Bis zu neun Ausfälle: SGD mit Personalsorgen gegen Zwickau

Als wäre die sportliche Situation bei Dynamo Dresden nach fünf sieglosen Spielen und bereits neun Punkten Rückstand auf einen direkten Aufstiegsplatz nicht schon angespannt genug, kommen nun auch noch Personalsorgen hinzu. Beim Heimspiel gegen den FSV Zwickau werden am Samstag gleich bis zu neun Spieler ausfallen.

Duo noch fraglich

Ein Zettel mit allen Namen darauf musste Trainer Markus Anfang auf der Pressekonferenz am Donnerstag zur Hilfe nehmen, um keinen der verletzten oder angeschlagenen Spieler zu vergessen. Während Jongmin Seo (Knöchelverletzung), Luca Herrmann und Panagiotis Vlachodimos (beide Knie-OP) schon seit längerer Zeit ausfallen, hat sich Michael Akoto beim Spiel in Wiesbaden am Knöchel verletzt und steht damit ebenso wie Robin Becker (Oberschenkelbeschwerden) nicht zur Verfügung. Stefan Kutschke, der sich zudem den kleinen Zeh gebrochen hat, und Ahmet Arslan fallen aufgrund von Gelbsperren aus.

Fraglich sind noch die Einsätze von Dennis Borkowski (nach Grippe) und Claudio Kammerknecht (Oberschenkel-Probleme). Gut möglich daher, dass einige U19-Spieler in den Kader aufrücken werden, "allerdings müssen wir auch bedenken, dass die Jungs alle schulpflichtig sind und bald Abitur schreiben", so Anfang. "Sie können also nicht dauerhaft mit der Mannschaft trainieren."

"Hätte alle Spiele gewinnen können"

Doch ganz egal, wer am Samstag auf dem Platz steht, das Ziel ist klar: Es müssen unbedingt drei Punkte her, damit der Rückstand zu den Aufstiegsplätzen von derzeit bereits neun Zählern nicht noch größer wird. Dass Dynamo nach 16 Spieltagen lediglich Mittelmaß ist, macht Anfang allein an den Ergebnissen, nicht aber an den Leistungen fest. "Natürlich hätten wir mehr Punkte haben müssen, aber wir hätten alle Spiele der bisherigen Saison auch für uns entscheiden können."

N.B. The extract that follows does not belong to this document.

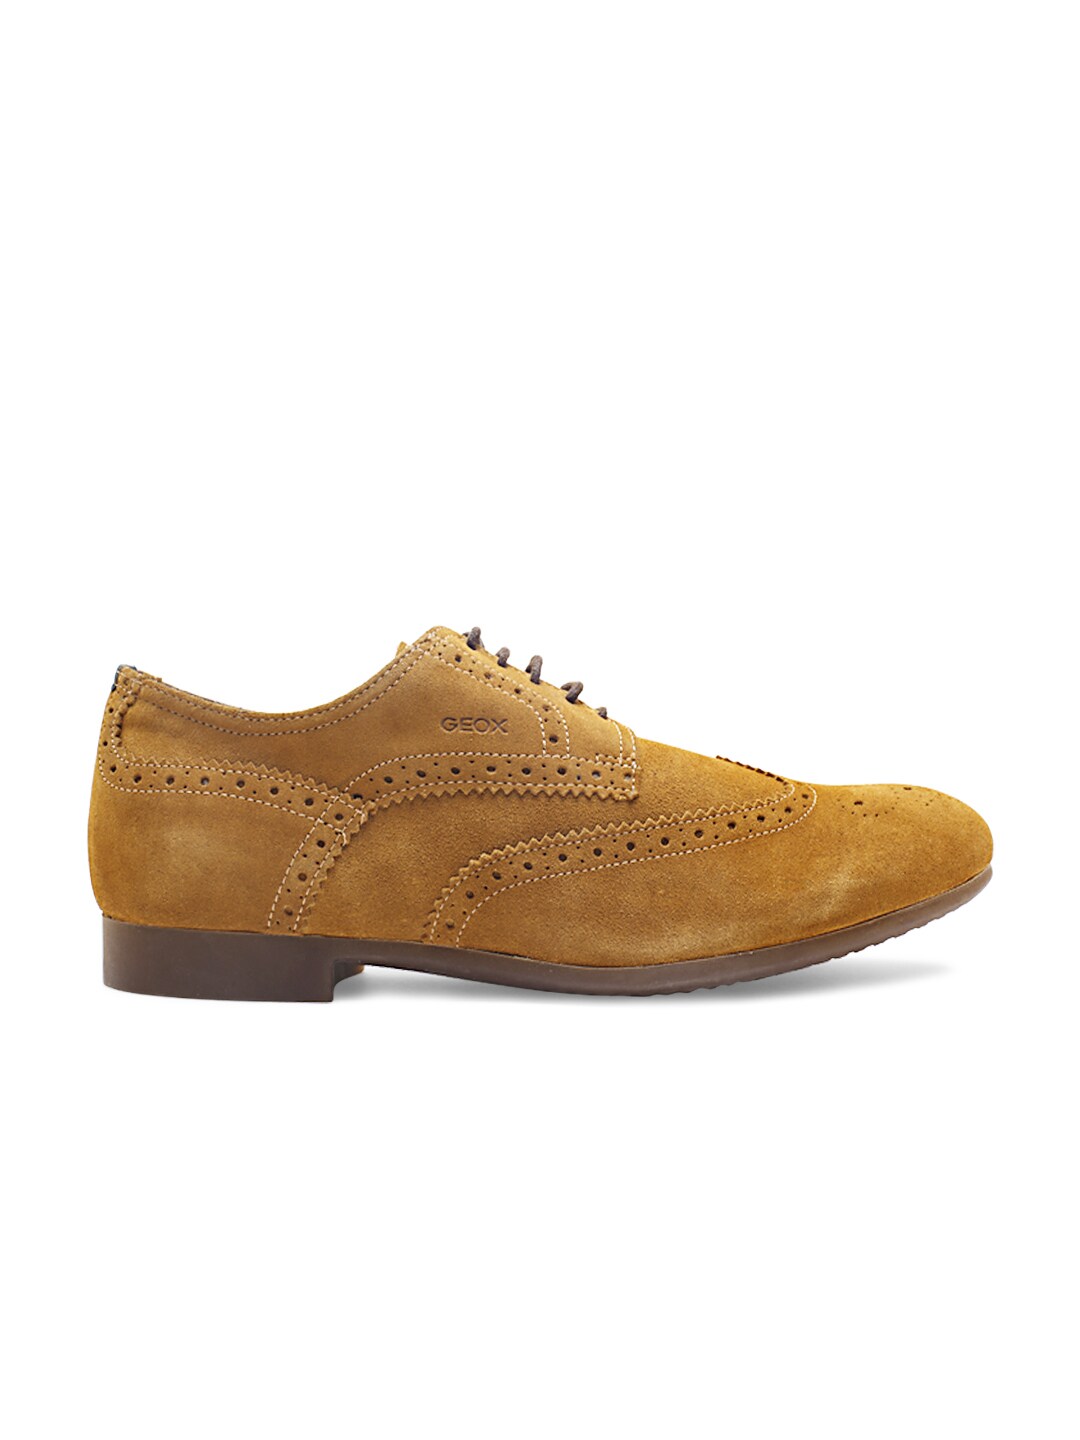 red tape genuine leather formal shoes

Tatsächlich stehen aber lediglich sechs Siege auf dem Konto. Zum Vergleich: Tabellenführer Elversberg konnte doppelt (!) so viele Partien gewinnen – und liegt daher satte 16 Zähler vor der SGD. Der Knackpunkt: "Im Strafraum sind wir momentan nicht durchsetzungsstark genug. Und hinten bekommen wir aus wenigen Aktionen Gegentore." Beides zeigte sich am Dienstag auch bei der 0:1-Pleite in Wiesbaden. "Solche Niederlagen tun weh und zerren an uns, aber das ist gut. Denn wenn es nicht weh tun würde, dann hätte man nicht den richtigen Anspruch an sich selbst."

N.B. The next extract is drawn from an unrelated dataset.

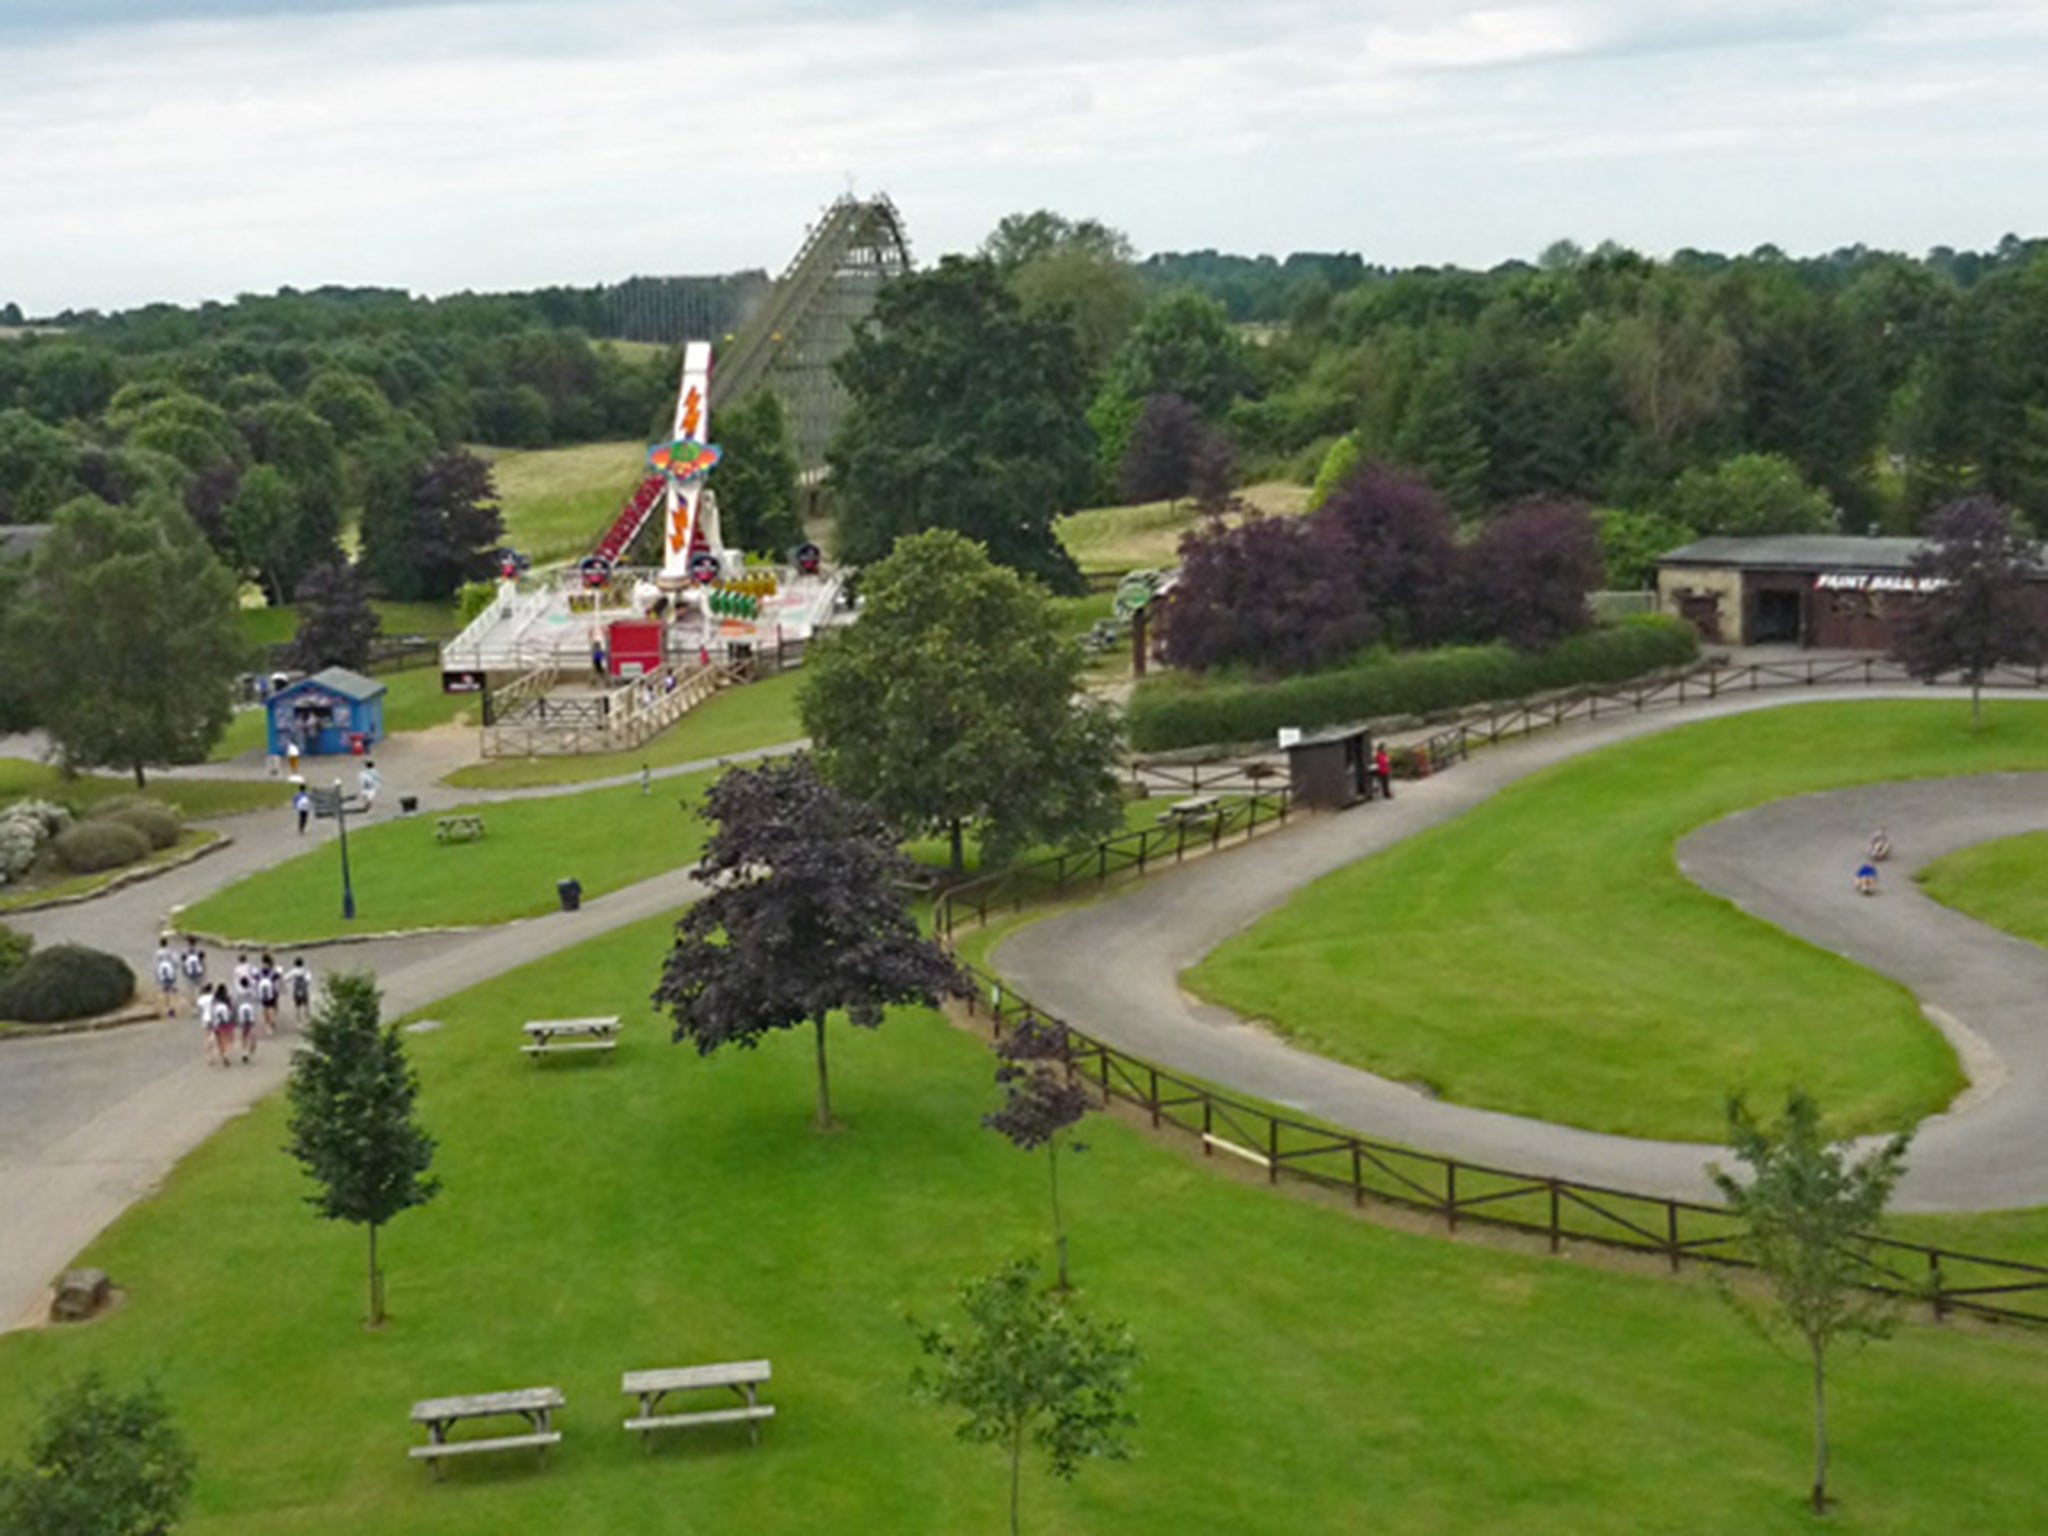 A deer was killed instantly after straying too close to the tracks of The Ultimate rollercoaster at Lightwater Valley

Dynamo will Fans beschenken

Es gelte nun, aus dieser Phase zu lernen und es schnell besser zu machen – und zwar schon am Samstag. "Wir müssen alle Kraft reinlegen, um für die Fans einen vernünftigen Jahresabschluss zu finden. Die Fans sind arg gebeutelt durch die Situation. Wir sind nicht glücklich, das zerfrisst einen." Doch jammern will Anfang nicht, "wir müssen uns dagegen wehren und es als Herausforderung annehmen. Der Wille muss klar erkennbar sein." 24.500 Tickets sind bislang verkauft, damit wird es nach der Minuskulisse gegen Freiburg II (18.460) die größte Kulisse in dieser Saison. Ob die Fans den ersten Sieg seit Anfang Oktober feiern dürfen?